▶ Input data:
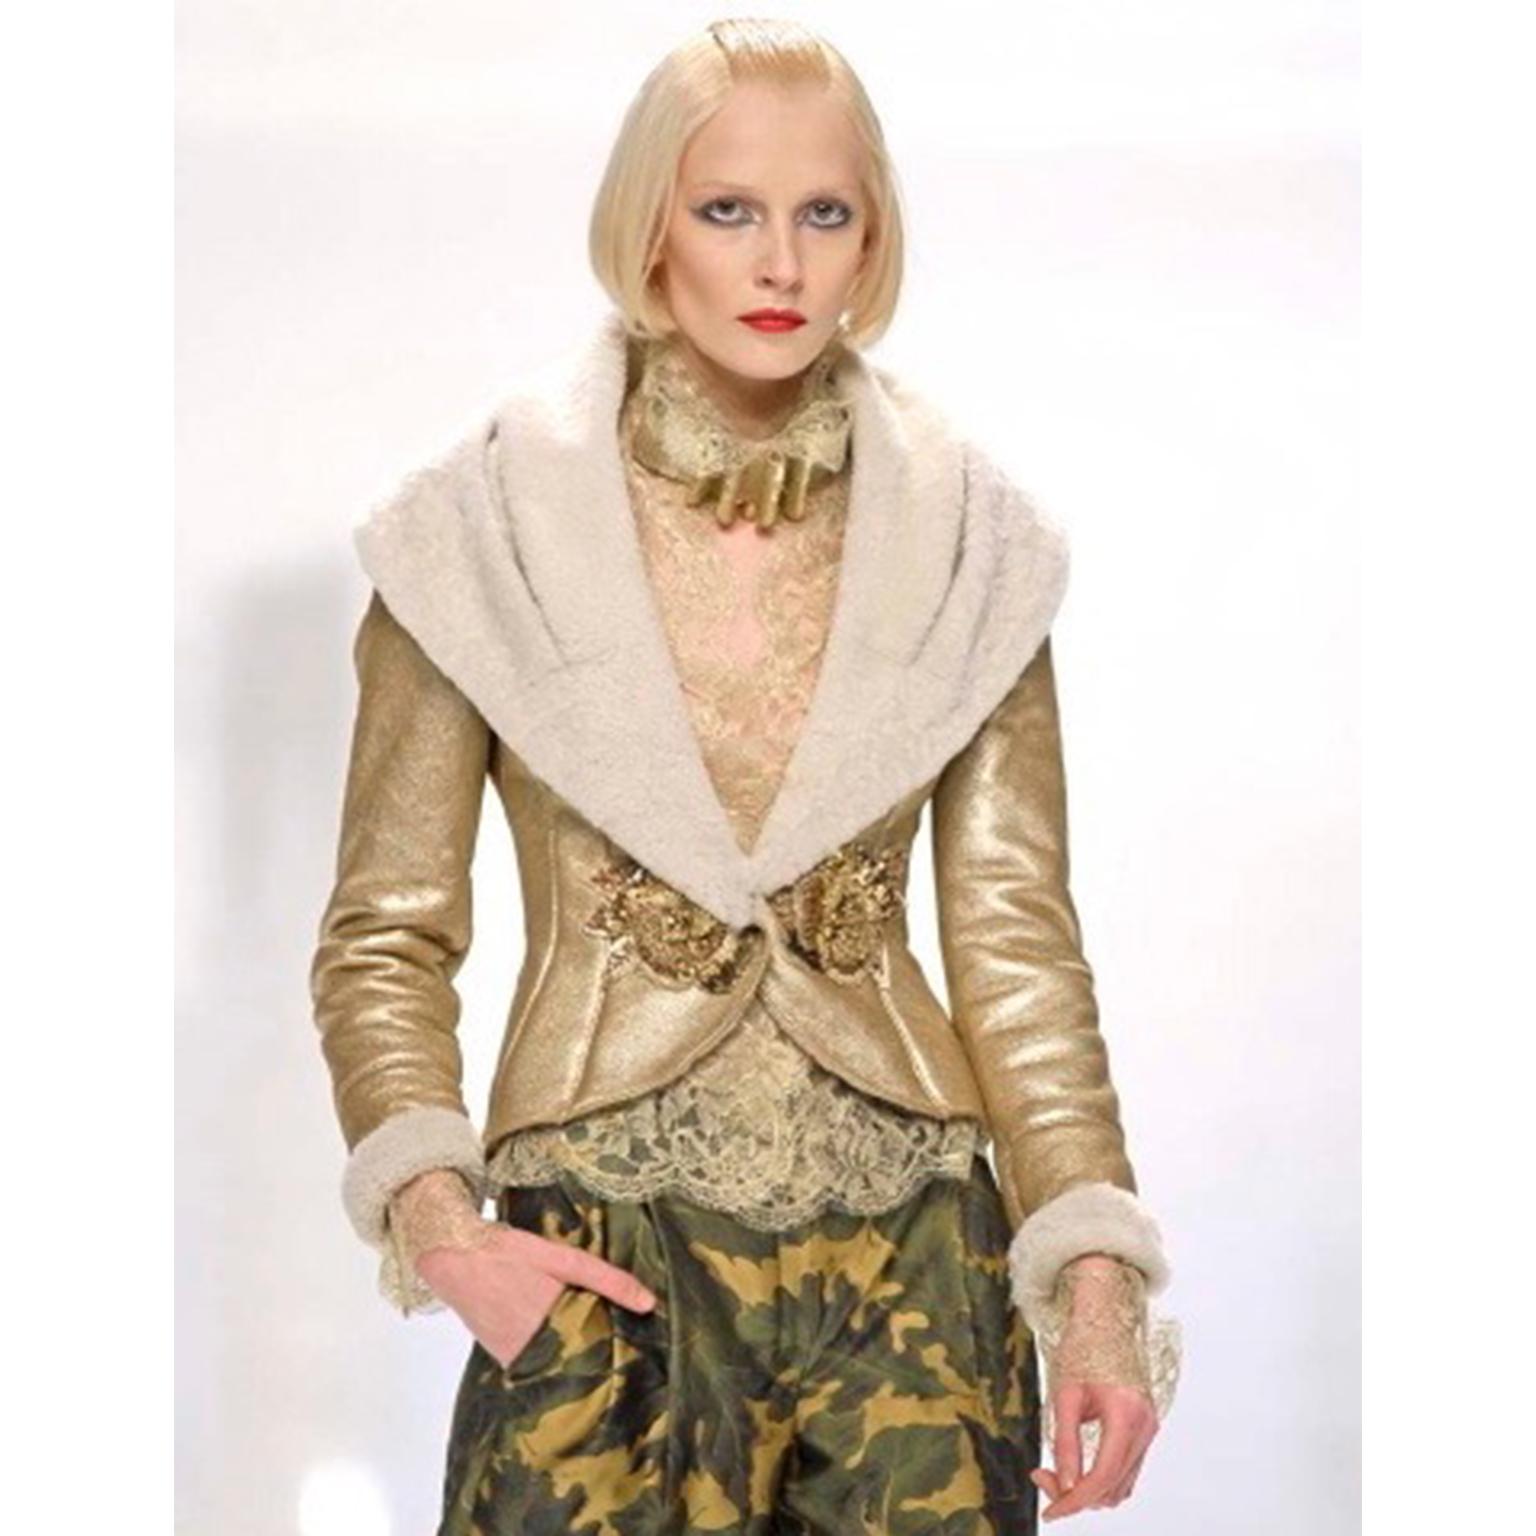 This is a stunning vintage Valentino gold fine lace evening blouse. This incredible top was designed by Valentino Garavani for his Fall Winter 2006 collection. 2006 was the last year that Garavani designed for his label.  The blouse buttons up the
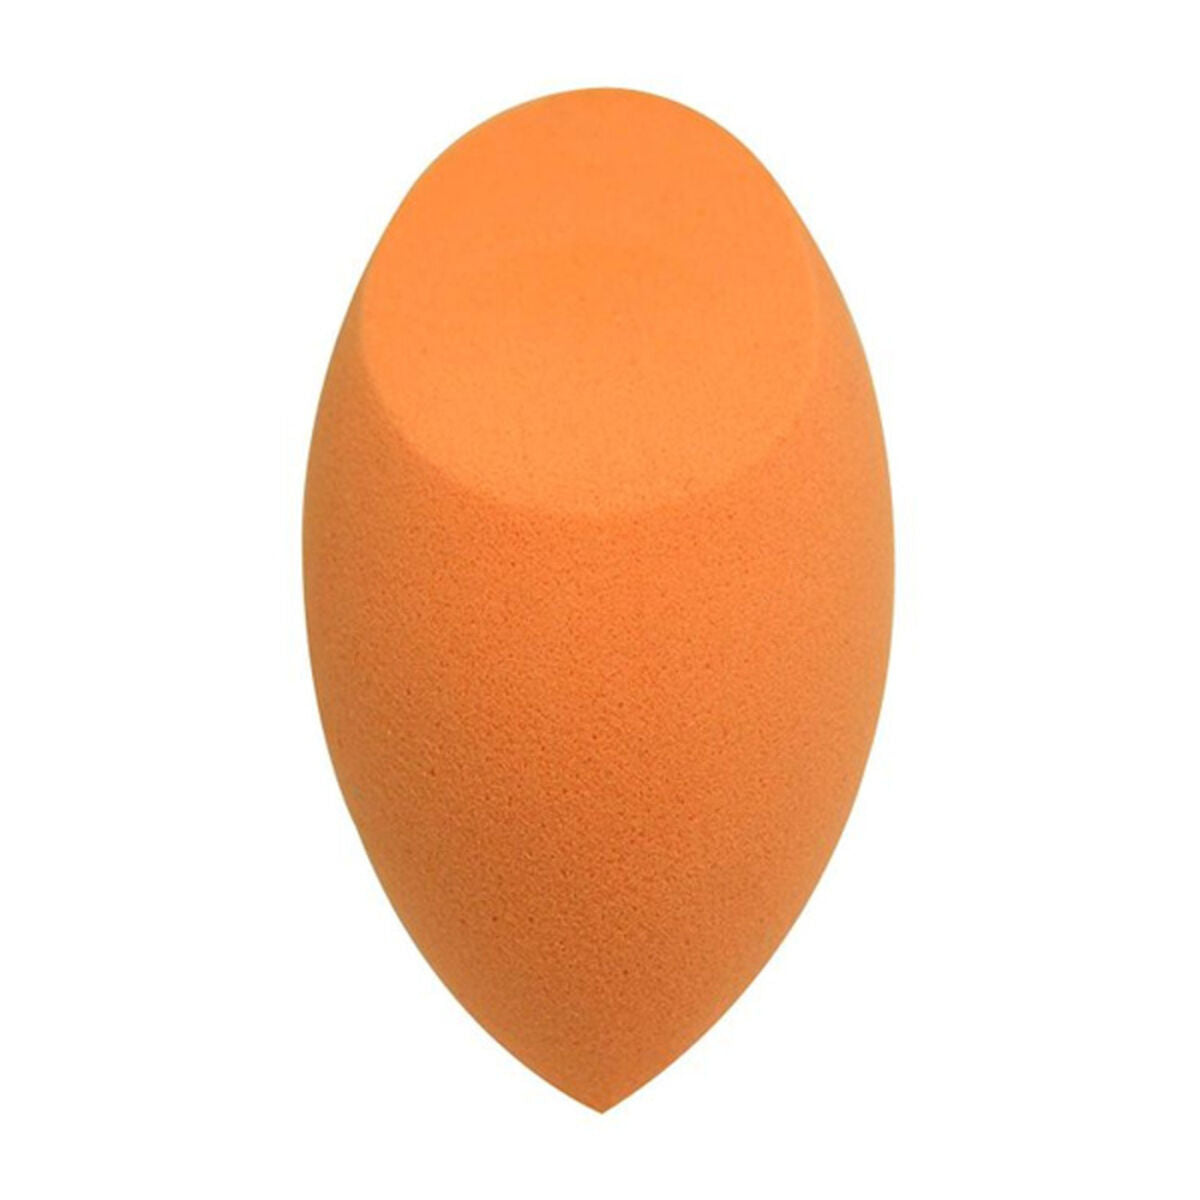 Make-up Sponge Miracle Complexion Real Techniques-0
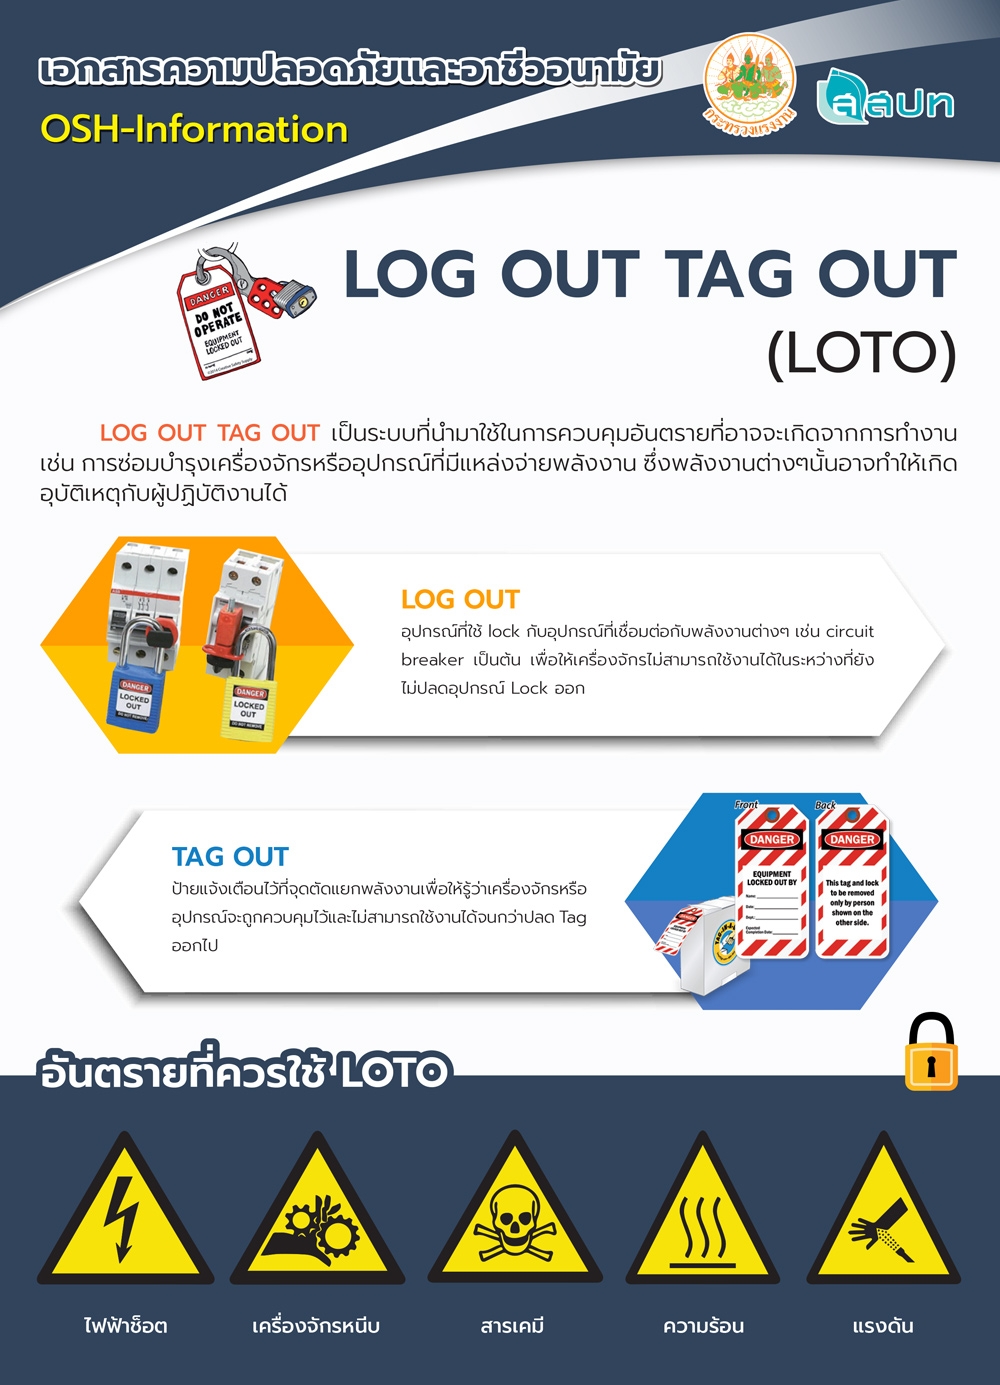 LOG OUT TAG OUT

▶ Your task: What is wanted is the listing, written out exactly, with each picture removed.

▶ Output for this task:
 This is a stunning vintage Valentino gold fine lace evening blouse. This incredible top was designed by Valentino Garavani for his Fall Winter 2006 collection. 2006 was the last year that Garavani designed for his label.  The blouse buttons up the
 Make-up Sponge Miracle Complexion Real Techniques-0
 LOG OUT TAG OUT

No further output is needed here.